From Discovery News:
New research finds that wind farms actually warm up the surface of the land underneath them during the night, a phenomena that could put a damper on efforts to expand wind energy as a green energy solution.
Researchers used satellite data from 2003 to 2011 to examine surface temperatures across as wide swath of west Texas, which has built four of the world's largest wind farms. The data showed a direct correlation between night-time temperatures increases of 0.72 degrees C (1.3 degrees F) and the placement of the farms.
"Given the present installed capacity and the projected growth in installation of wind farms across the world, I feel that wind farms, if spatially large enough, might have noticeable impacts on local to regional meteorology," Liming Zhou, associate professor at the State University of New York, Albany and author of the paper published April 29 in Nature Climate Change said in an e-mail to Discovery News...
"The year-to-year land surface temperature over wind farms shows a persistent upward trend from 2003 to 2011, consistent with the increasing number of operational wind turbines with time," Zhou said...
The warming could hurt local farmers, who have already suffered through a killer drought over the past few years. Texas agriculture contributes $80 billion to the state's economy...

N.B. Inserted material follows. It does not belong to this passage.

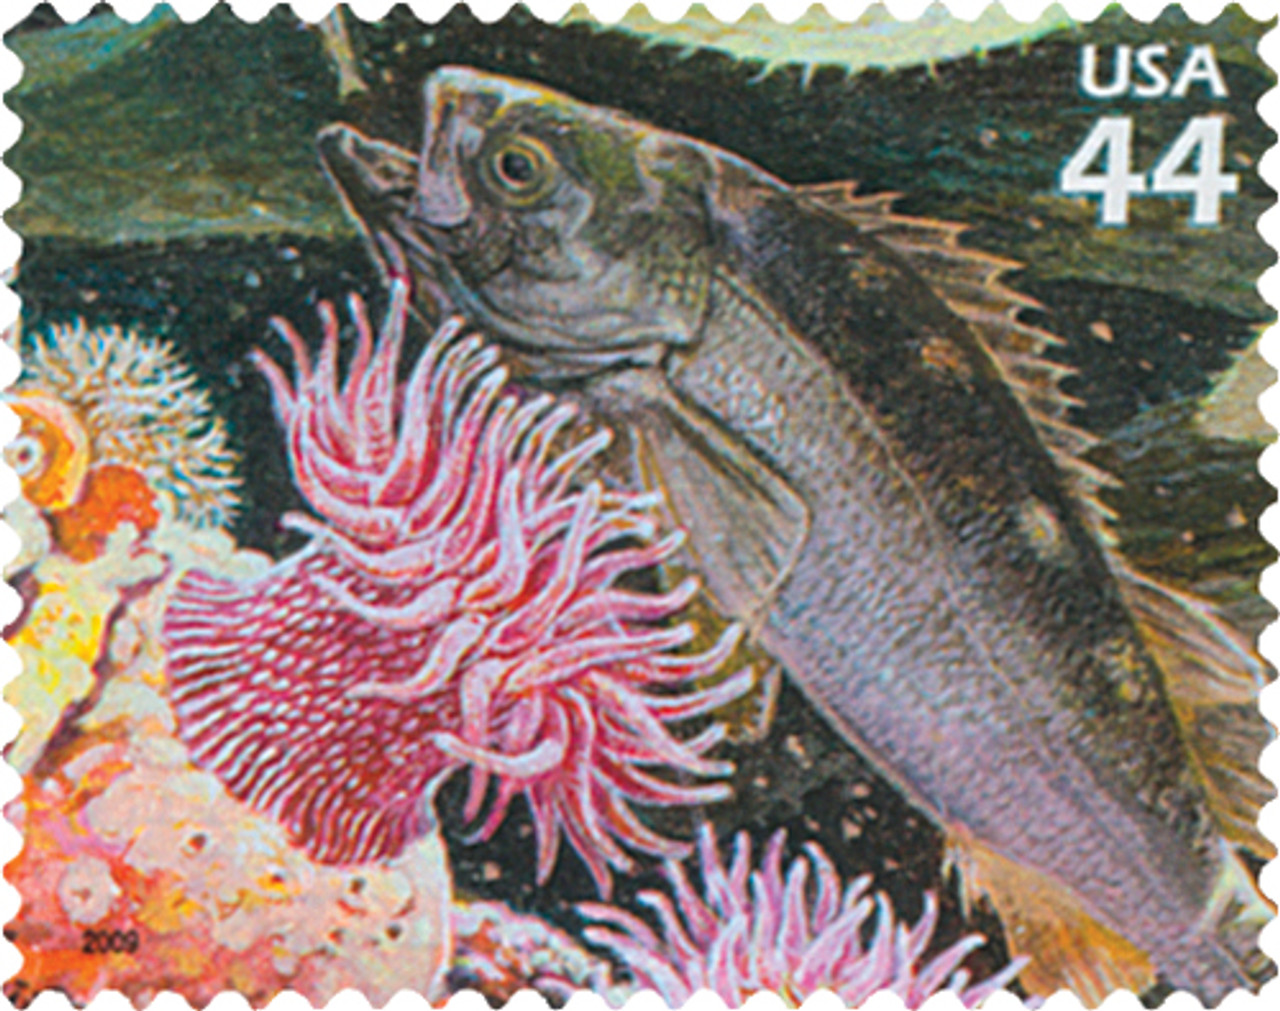 4423e - 2009 44c Kelp Forest: Rockfish and White Spotted Rose Anemone -  Mystic Stamp Company

West Texas is a dry area that uses irrigation to grow wheat, cotton and other crops, as well as raise cattle. But increased warming can play havoc with plant growth, as well as change local rainfall patterns....
John Dabiri, director of the Center for Bioinspired Wind Energy at the California Institute of Technology, who is an expert on wind power design, said... Zhou's findings may mean taking a second look at the trade-offs with renewable energy.
"It shows that we need to think carefully about the unintended environmental consequences of any large-scale energy development," Dabiri said, "including green technologies."